Longevity.technology: It’s an unfortunate reality of lung disease that there are many more patients than available lungs. By connecting damaged or deteriorated lungs to animals, this breakthrough has the potential to significantly increase the supply of transplnt ‘fit’ organs, giving many terminal patients a fighting chance of survival.
The study by Hozain et al, shows that an experimental technique in which lungs are connected to the circulatory system of live pigs could repair damaged lungs intended for transplant within 24 hours [1].
Currently, health practitioners try to recover lungs using ex vitro lung profusion which pumps air and fluid through the lungs. This can keep lungs stable and repair them a little, but it can only be conducted up a maximum of eight hours, which limits the time for repair functions to kick-in and recipient patients readied.

The new approach from Columbia works in a similar way by maintaining the lung at body temperature and delivering a supply of oxygen. Researchers successfully repaired five damaged human lungs by connecting them to pigs including one which had failed to recover using EVLP. Immunosuppressant drugs were used to prevent the donor lung being rejected by the body. A sixth control lung was connected to a pig without the use of drugs.
“It is the provision of intrinsic biological repair mechanisms over long-enough periods of time that enabled us to recover severely damaged lungs that cannot otherwise be saved,” said the study’s lead authors, Ahmed Hozain (surgical research fellow at Columbia Engineering) and John O’Neill (adjunct associate research scientist at Columbia Engineering). [2]

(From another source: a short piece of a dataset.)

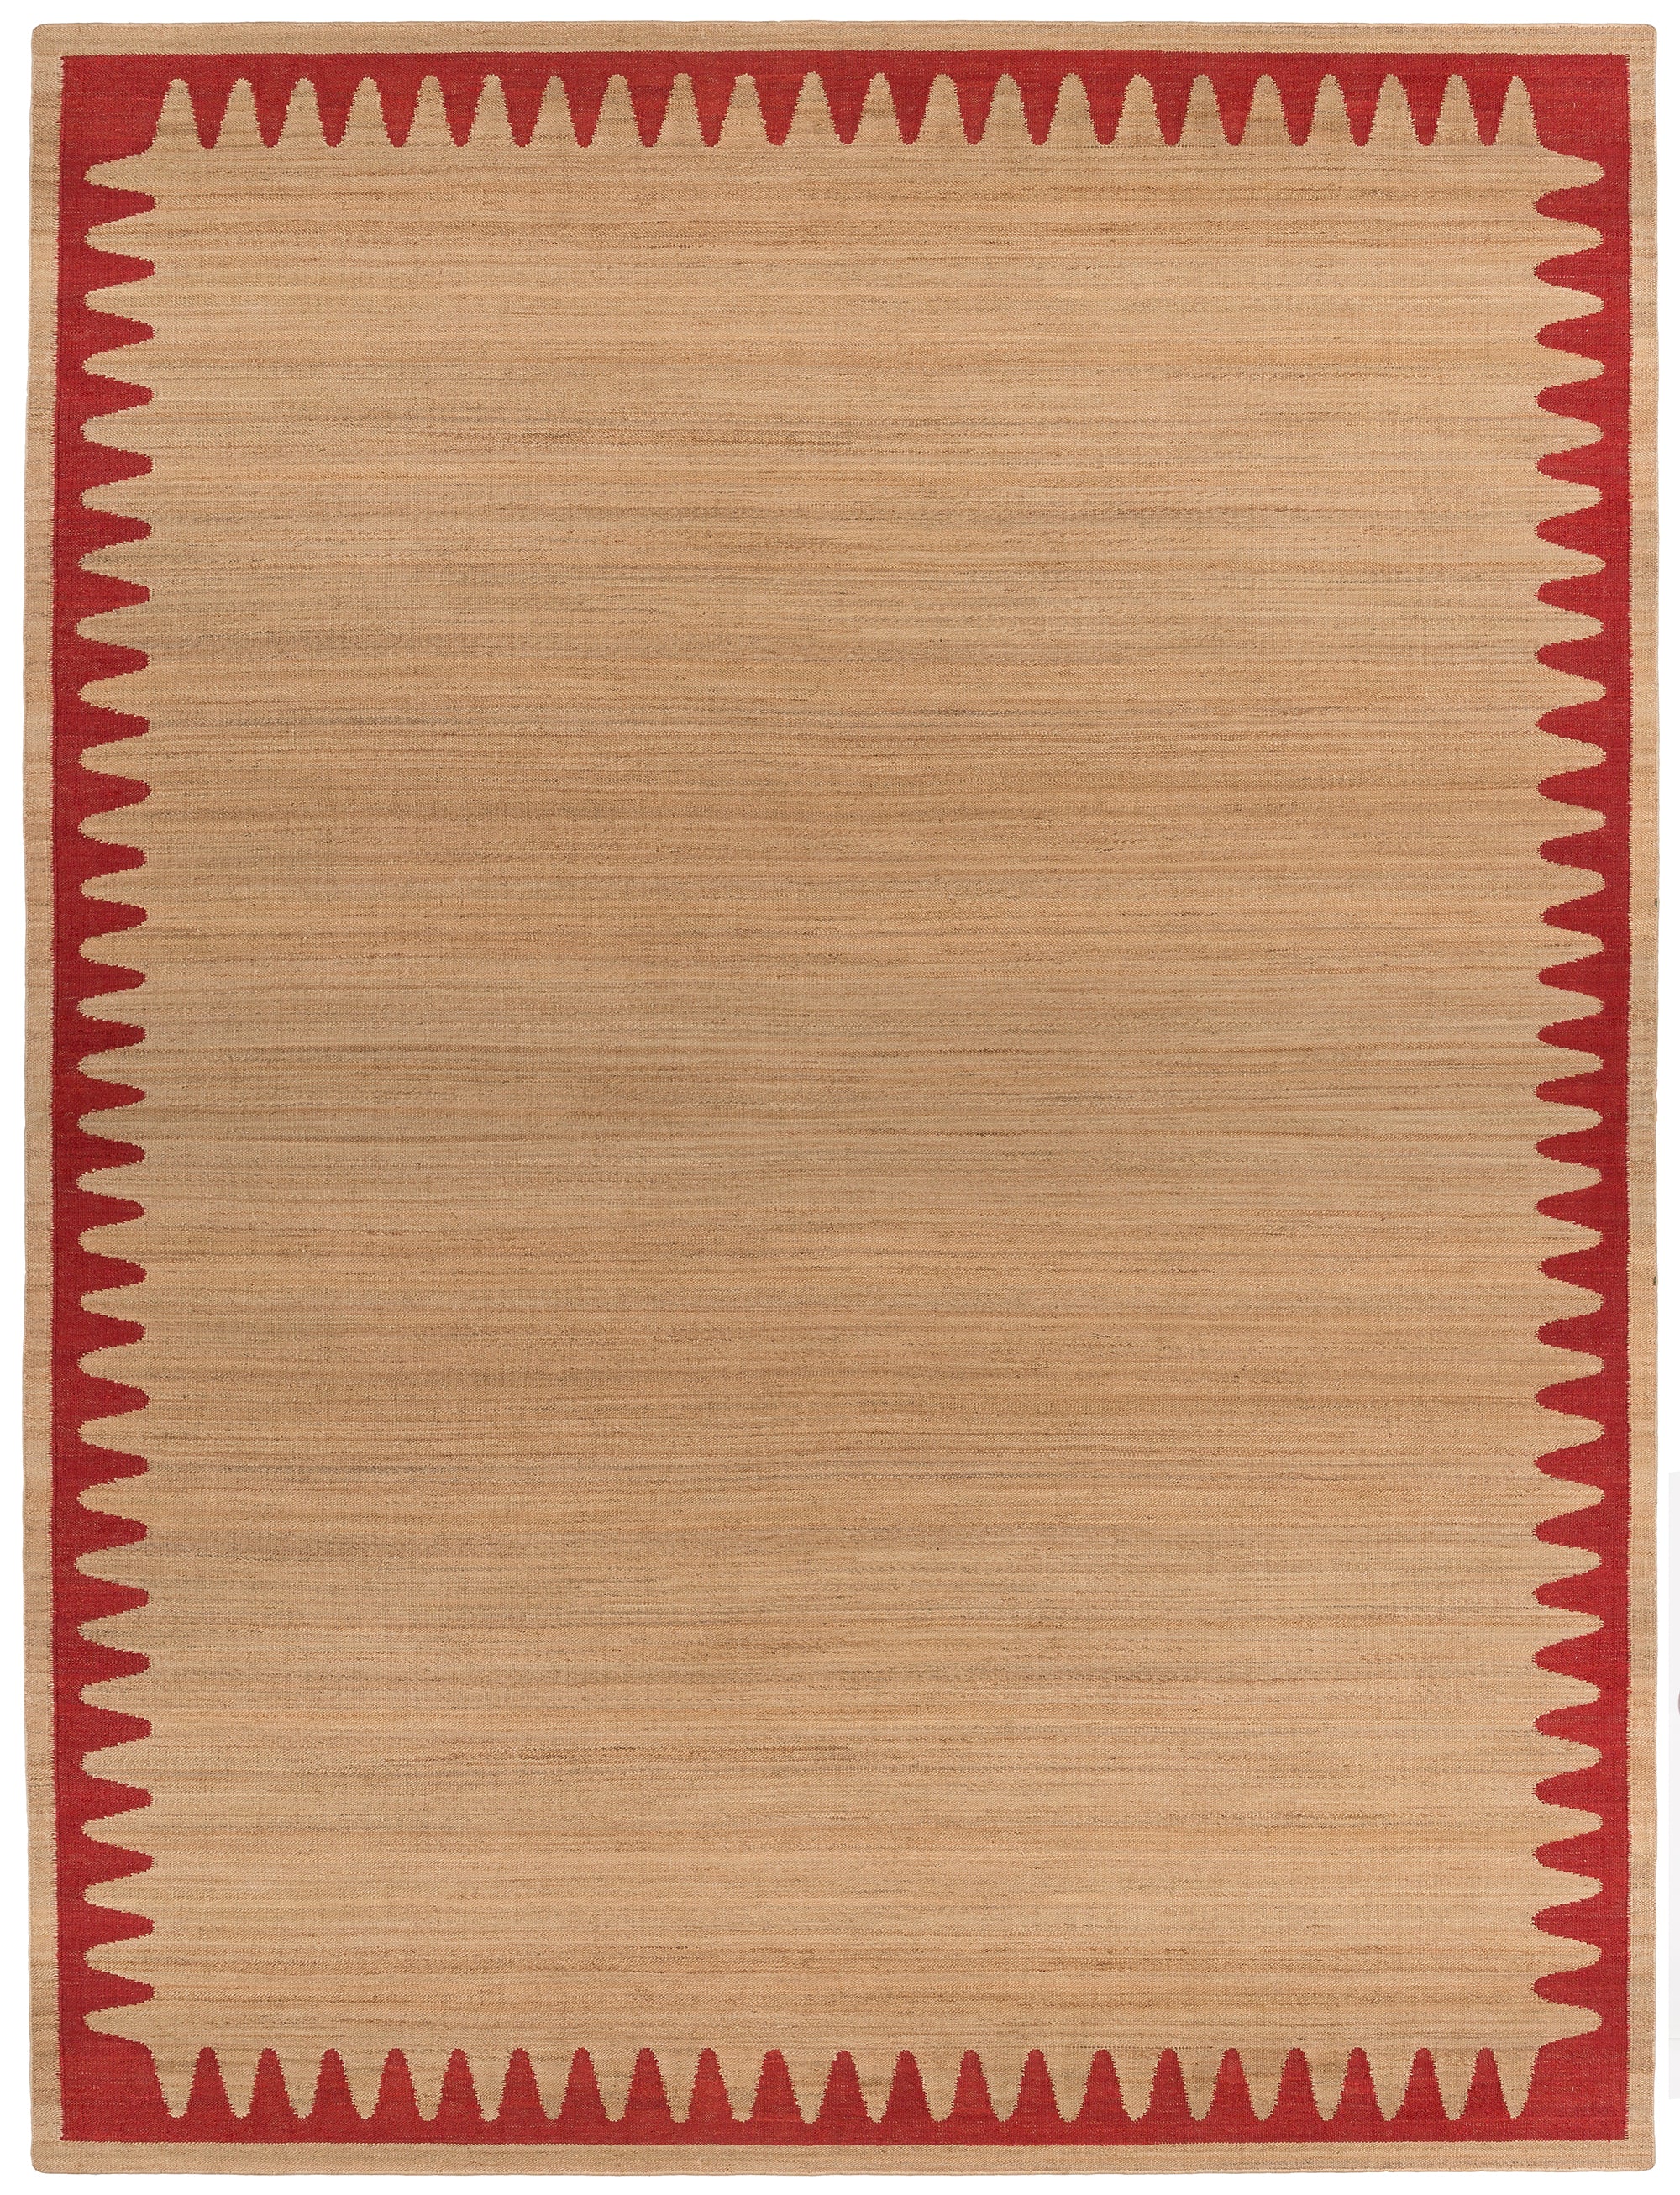 Waver Rug in Safflower Red, a strated ecru field with a red flame stitch border.

Before moving on to transplanting the lungs into humans, the team wants to repeat the experiment with more samples. For all the benefits, the procedure carries a number of risks such as white blood cells from the pigs triggering dangerous immune reactions in human recipients.
Some lungs may also be beyond repair even with the surrogate pigs. However, as co-author Gordana Vanjak Novakovic told the New Scientist, “if you can salvage two out of every four that are rejected, you can increase the number of lungs available to patients by three times.” [3]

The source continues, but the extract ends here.